Однако спора не получалось — оба давно не виделись, их связывала многолетняя дружба, которую никто не желал расшатывать политическими разногласиями. Но тема недавней войны была поднята, и дальнейший разговор далеко от неё не отходил. А вскоре Николай спросил, не хочет ли его друг услышать одну необычайную историю, произошедшую с ним на войне.

— Я ведь, как приехал в Одессу, всё хотел тебя найти — никому больше эту историю не доверишь, а ты журналист, писатель, может, что посоветуешь.

— Ну, «писатель», это ты, брат, загнул, я газетчик, не беллетрист. Но послушаю тебя с интересом.

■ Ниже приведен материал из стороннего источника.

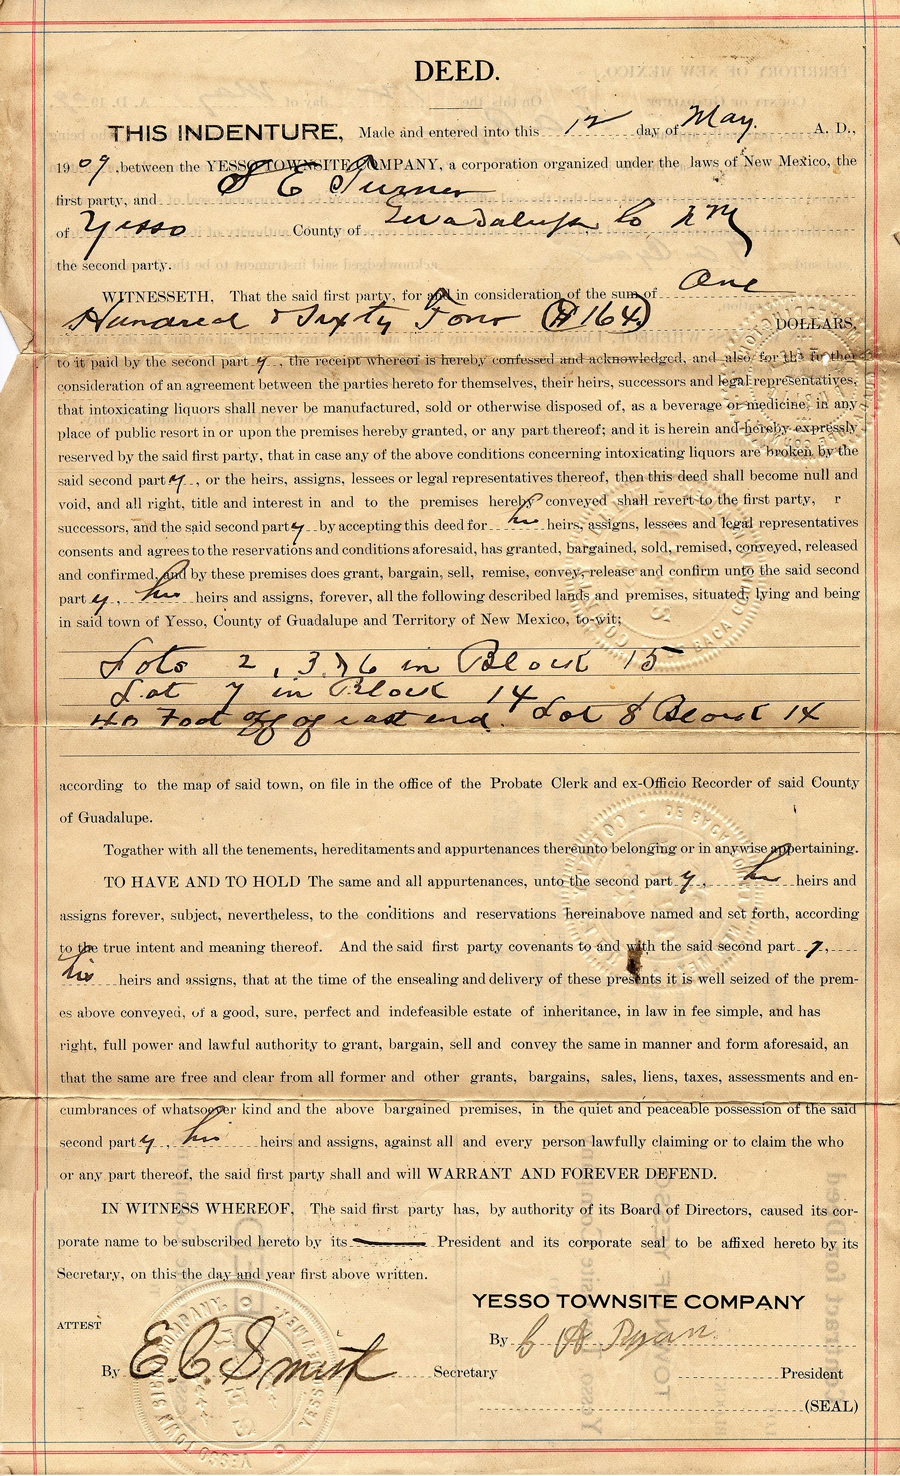 <yesso townsite company guadalupe county deed indenture 1909>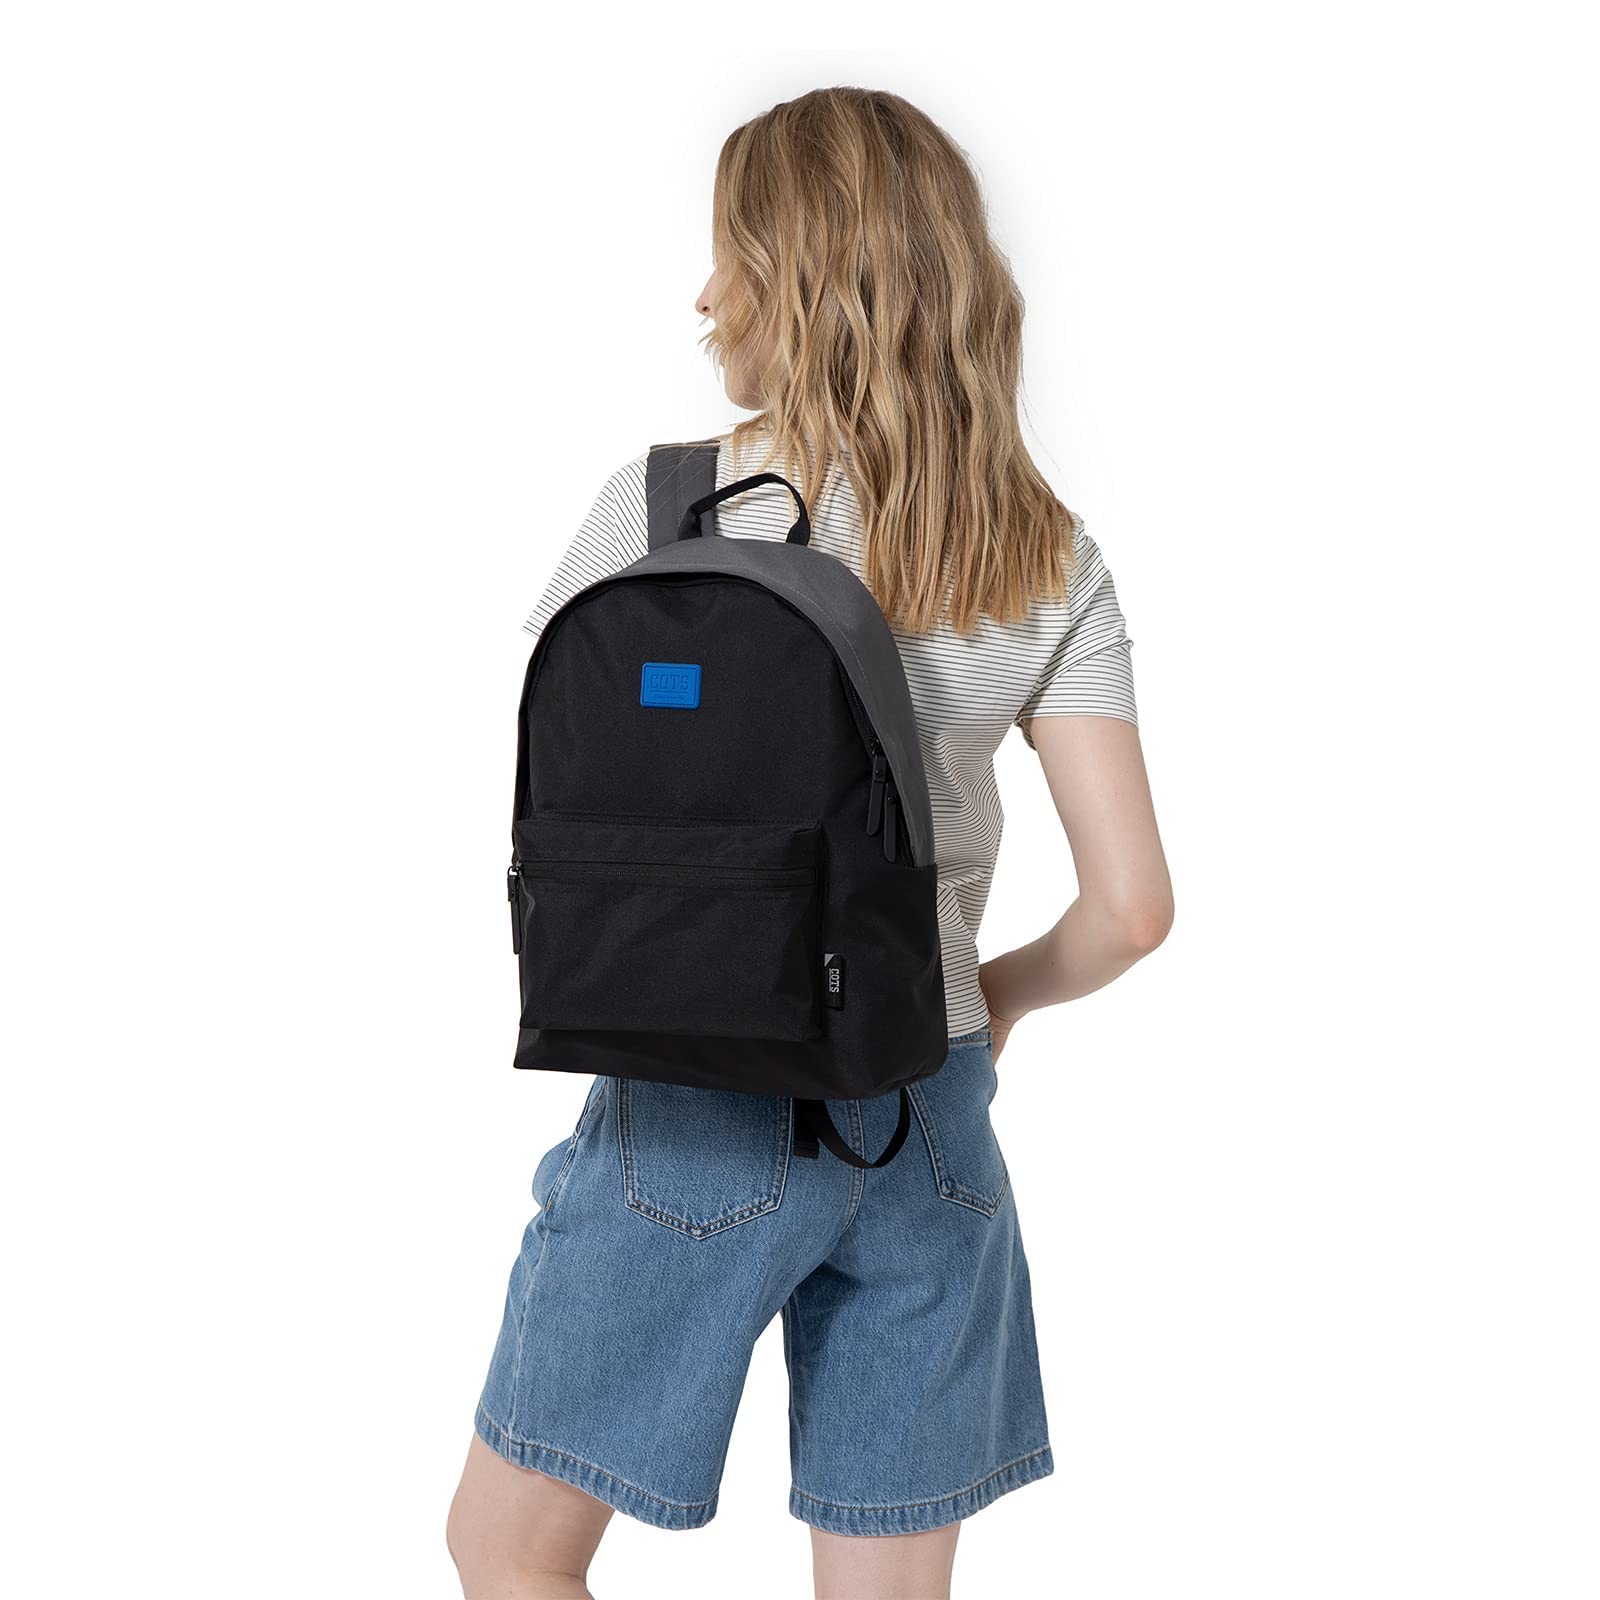 COTS Elementary School Backpack for Boys Girls Teen, Lightweight Casual Backpack, Preschool Bookbag Classical Basic Daypack for Middle High School Work Travel Shopping

— Слушай тогда. Может, и вправду, подскажешь чего…

Глава 2.
Одесса, июнь, 1907

— Случилось это летом 1904-го года, уже после поражения на Ялу, но до Ляояна. Хаос, отступление, атаки, контратаки… Однажды мы неожиданным ударом захватили небольшой маньчжурский городишко Дуйшинь. Разгромили оборону и рано утром ворвались в него. Японцы никак не ожидали нашей атаки, накануне их разведка донесла, что мы отступили и о нападении не помышляем. Всё так и было, но к нам неожиданно прорвалась казачья сотня под командованием есаула Богатько. И решил наш командир, капитан Рыжов, Царствие ему Небесное, внезапно ударить по этому городишке — там был японский штаб.

Мы пронеслись по улицам, стреляя и рубя выскакивающих навстречу японцев, не давая им опомниться и сосредоточиться. Охрана штаба защищалась с ожесточением смертников, но мы просто смяли их на кураже и ворвались в здание. Скоро всё было кончено. В плен японские офицеры не сдавались, а поэтому все были убиты. Когда хотели захватить одного легкораненого лейтенанта, он вытащил длинный нож и вспорол себе живот. Нет, что ни говори, как противники, японцы вызывали уважение.

Да, так вот. Среди убитых японских офицеров был один европеец лет тридцати пяти. Одетый в хороший дорожный костюм, ухоженный, явно штатский. Он лежал возле входа, очевидно, только приехал, но чья-то пуля остановила его на полдороге. Около него валялся дорогой кожаный портфель с секретным замком. Мы быстро пособирали все документы, карты и прочее, что нашли на столе и в сейфе, и поспешили обратно: сил у нас было мало, мы взяли стремительностью, натиском, но понимали, что когда японцы опомнятся и навалятся на наш маленький отряд, нам несдобровать.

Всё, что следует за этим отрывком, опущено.